Today was a beautiful day.

It was cold. The air had a bite to it that made me wish I had worn my jacket as I left the gym this morning.
It rained off and on today cancelling our plans to go to Strom's Farm with our staff team.

But it was a beautiful day.

I made stew in the slow cooker. Then someone in need came to mind. I called her and asked if she wanted some dinner for tonight. Perfect timing. What a blessing for ME to be able to give to her and her family.

Is it selfish to want to give because of how blessed it feels to give?

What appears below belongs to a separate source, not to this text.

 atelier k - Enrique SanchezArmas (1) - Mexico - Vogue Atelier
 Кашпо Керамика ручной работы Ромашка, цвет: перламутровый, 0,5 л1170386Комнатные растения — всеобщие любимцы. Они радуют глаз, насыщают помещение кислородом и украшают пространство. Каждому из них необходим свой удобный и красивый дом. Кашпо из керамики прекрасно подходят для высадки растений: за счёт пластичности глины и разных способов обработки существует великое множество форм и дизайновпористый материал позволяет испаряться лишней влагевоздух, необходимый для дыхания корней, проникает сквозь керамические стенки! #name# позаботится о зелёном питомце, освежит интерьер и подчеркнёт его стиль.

We had our staff team over for dinner tonight. I have always loved having people over but I continue to feel more and more comfortable about hosting and hospitality in my home; mess and all. I am not perfect, nor do I want to give off that impression. At some point {not too long ago}, I did want to appear the perfect wife/mother/house keeper.
But I am not.
I have a love of nice, beautiful, lovely, delicious things and so I will always strive to make my home nice, beautiful, lovely and a place of delicious things, but I am learning to let go.

To let go of the crumbs and the dust and the awkward set up and the toys randomly strewn about. To let go of worries and comparisons {the worst} and doubts and fears.

I want to be known. I want to know others.

I want to have a busy, noisy home full of laughter and joy and smiles and memories.
I am taking steps {little steps} to get there.